Localized intramural drug delivery during balloon angioplasty using hydrogel-coated balloons and pressure-augmented diffusion

Daniel B. Fram, Thomas Aretz, Michael A. Azrin, Joseph F. Mitchel, Habib Samady, Linda Gillam, Ronald Sahatjian, David Waters, Raymond G. McKay

Research output: Contribution to journalArticle

63 Citations (Scopus)

Abstract

Objectives. This study was designed to assess the feasibility of using hydrogel-coated balloons to deliver biologically active agents to the blood vessel wall. Background. The tool intramural delivery of therapeutic agents during balloon angioplasty has been proposed as an adjunctive technique for preventing early intracoronary thrombosis and late restenosis.

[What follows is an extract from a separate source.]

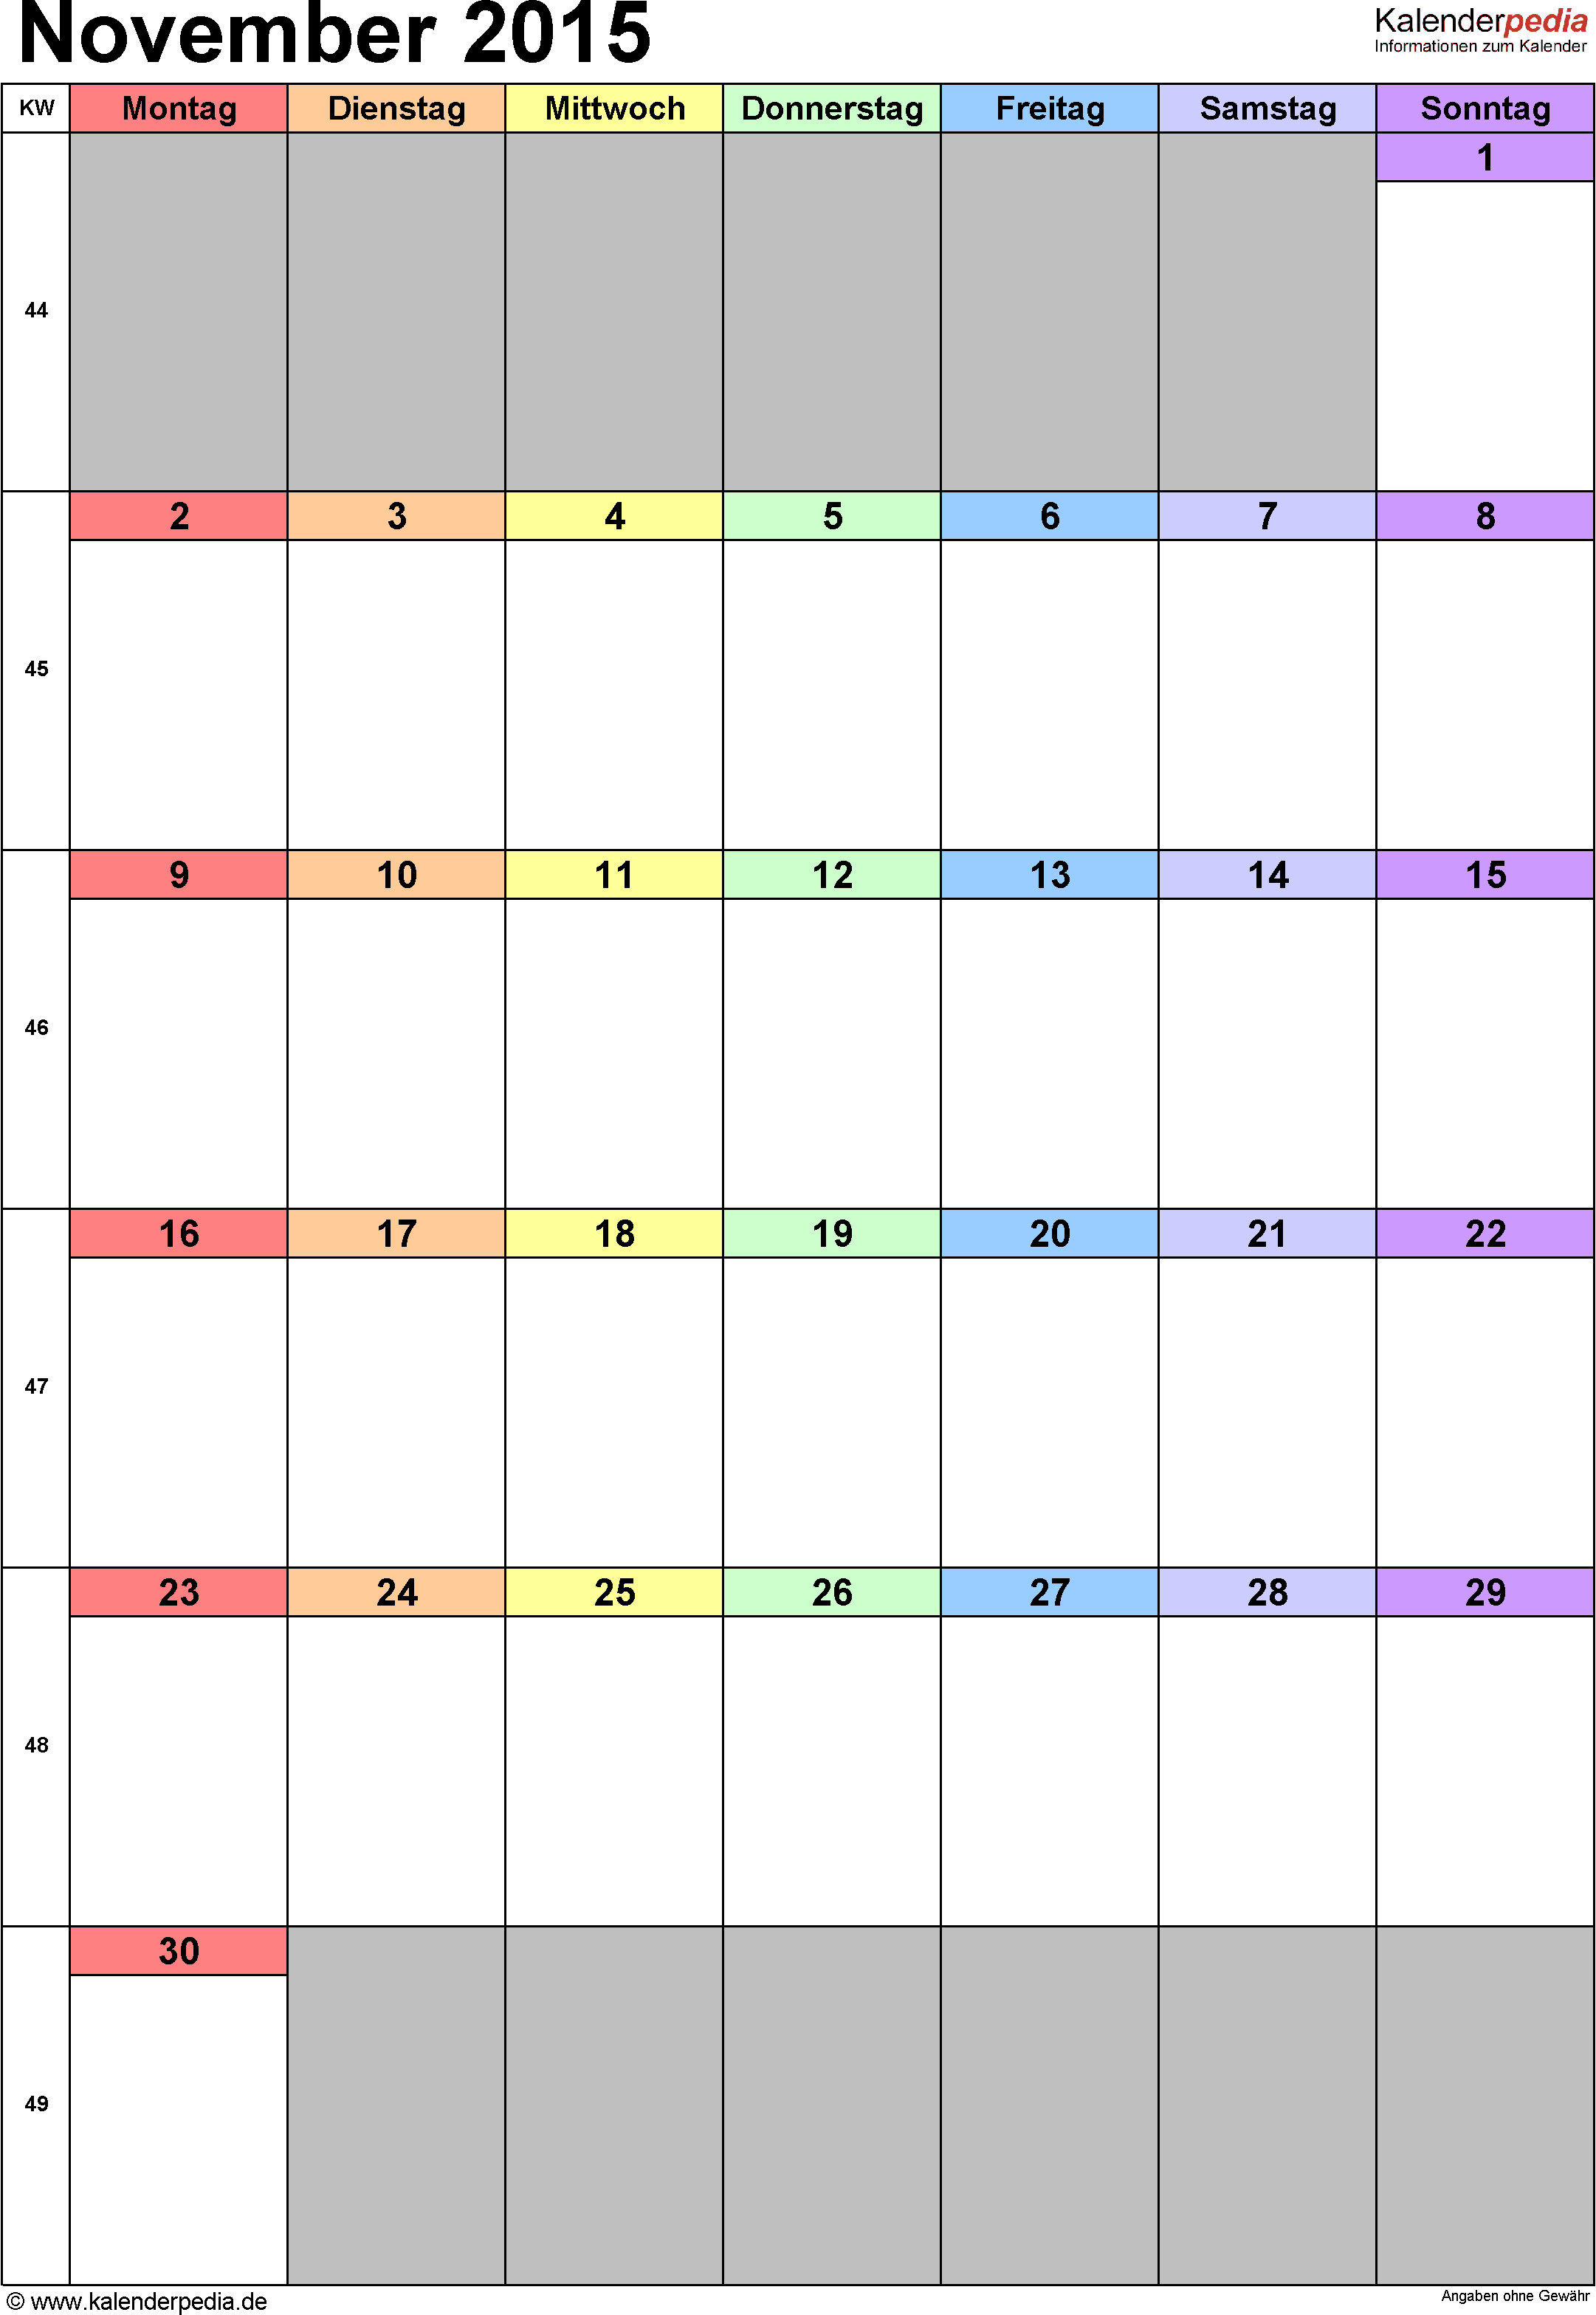 Kalender November 2015 (Hochformat) als Excel-Vorlage

Methods. To assess the efficacy of delivery and depth of penetration in vitro, local delivery of horseradish peroxidase was performed in 40 porcine peripheral arteries, and delivery of fluoresceinated heparin was performed in 20 porcine peripheral arteries and 7 human atheromatous arteries. To determine the persistence of these agents in the vessel wall in vivo, horseradish peroxidase was delivered to 18 porcine peripheral arteries that were harvested at intervals of 45 min to 48 h. Fluoresceinated heparin was delivered to 22 porcine peripheral arteries, 14 with the use of a protective sleeve, harvested at intervals of 30 s to 24 h. Results. In vitro agent delivery was successful in all specimens. The depth of penetration of horseradish peroxidase was directly related to both balloon pressure (p < 0.04) and duration of inflation (p < 0.01). In vivo peroxidase staining was evident at 45 and 90 min but not thereafter. With the use of a protective sleeve, heparin was present in all arteries harvested at 30s, with marked dissipation at 1 and 24 h. Without a sleeve, no fluorescein staining was detected in any artery. With both agents, delivery occurred consistently over broad regions of the vessel wall that were free of architectural disruption. Conclusions. Hydrogel-coated balloons can deliver biologically active agents to the vessel wall without gross tissue disruption and may provide an atraumatic method for the local delivery of therapeutic agents during balloon angioplasty.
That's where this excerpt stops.